Unit vector perpendicular to plane containing $\vec{A} =4\hat{i}−\hat{j}−\hat{k}$ and $\vec{B} =4\hat{i}+\hat{j}−4\hat{k}$

Question

I know that one solution is to find the cross product of $\vec{A}$ and $\vec{B}$ and then find the unit vector in that direction.

But why can't we do it in this way:

Let the vector $\vec{U} = x\hat{i}+ y\hat{j}+ z\hat{k}$ be perpendicular to the plane containing $\vec{A}$ and $\vec{B}$. Then $\vec{U}$ must be perpendicular to both $\vec{A}$ and $\vec{B}$ and also to the vector $\vec{A}+\vec{B}$. Therefore:

$$\vec{A}\cdot\vec{U}=0$$ $$\vec{B}\cdot\vec{U}=0$$ $$\big(\vec{A}+\vec{B}\big)\cdot \vec{U}=0$$ So I have three equations with three unknowns but when I solve it I don't get the answer.

Answer 1

We obtain: $$4x-y-z=0$$ and $$4x+y-4z=0,$$ which after summing gives $$8x=5z.$$ We see that $x=5t,$ $z=8t$ and $y=12t,$ which gives $$\frac{1}{\sqrt{5^2t^2+12^2t^2+8^2t^2}}(5ti+12tj+8tk)$$ or $$\pm\frac{1}{\sqrt{233}}(5i+12j+8k)$$

Answer 2

Your third equation is redundant. It adds nothing new because of the distributive law of dot product. What I mean is that if $A.U=0$ and $B.U=0$ then surely it is always true that $A.U+B.U=(A+B).U=0$ holds and it doesn't give you a new independent linear equation.
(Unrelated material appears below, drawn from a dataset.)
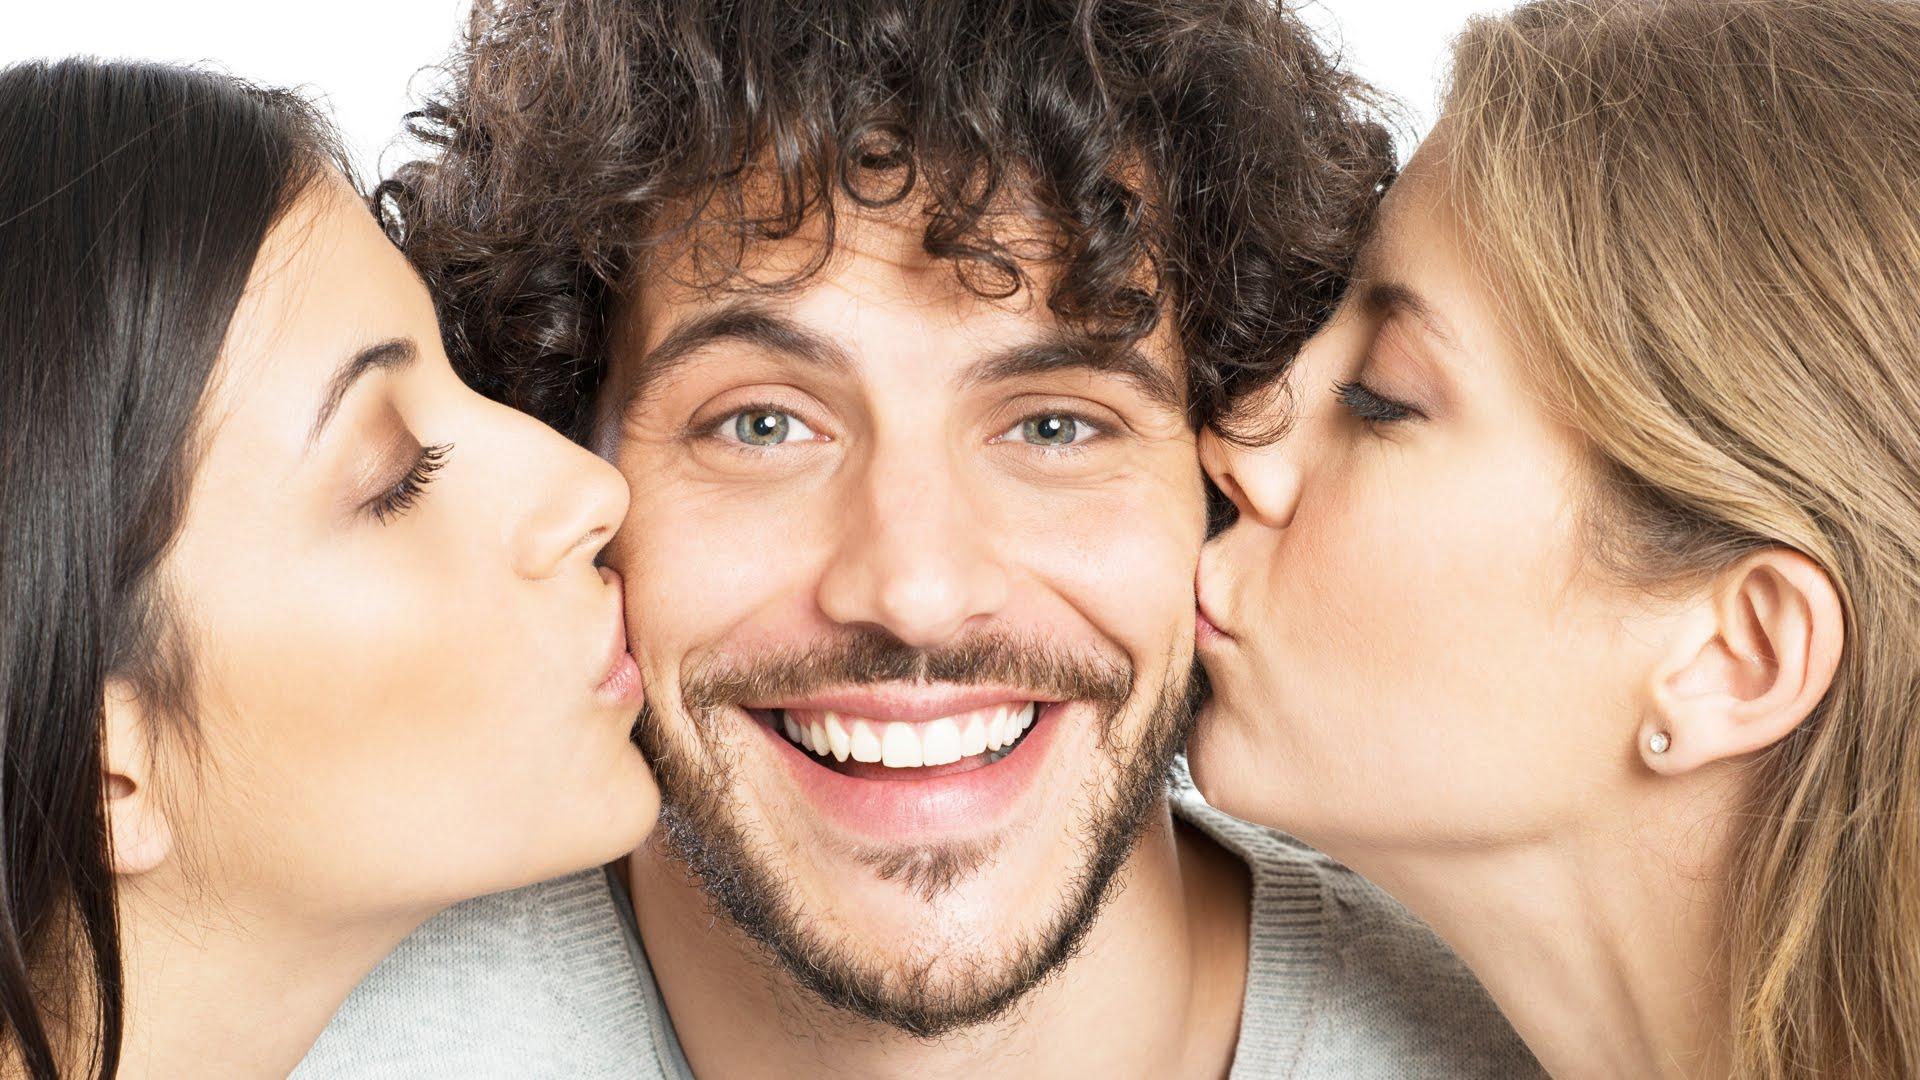 Девушка и два мужчины фото, смотреть усыпил хлороформом симпотнаю блондинку и трахнул

Therefore, the system you will get requires $3$ independent equations to find the unknowns, but in reality you have provided only $2$ independent equations.

Important Remark:

It is worthy to add that your system, as it has been given in your question, is unsolvable and has infinitely many solutions. However, if you add the new condition $U.U=1$, which is equivalent to saying that $U$ has to be normal, then the system does have two solutions.

The part that Mark Rozenberg divides by $$\frac{1}{\sqrt{5^2t^2+12^2t^2+8^2t^2}}$$ is when he is using the third condition which you hadn't considered originally. But notice that he isn't solving a linear system anymore.

In general, If $A=(a,b,c)$ and $B=(d,e,f)$ then in general you'll have to solve a polynomial system of equations that involves second degree polynomials as follows:

$$ax+by+cz=0$$ $$dx+ey+fz=0$$ $$x^2+y^2+z^2=1$$

The cross product gives a solution to this sytem. Notice that because the degree of this system is $2$, you will always get $2$ solutions. The Right Hand Rule is an agreement among scientists that helps us pick one solution of the system in a consistent manner.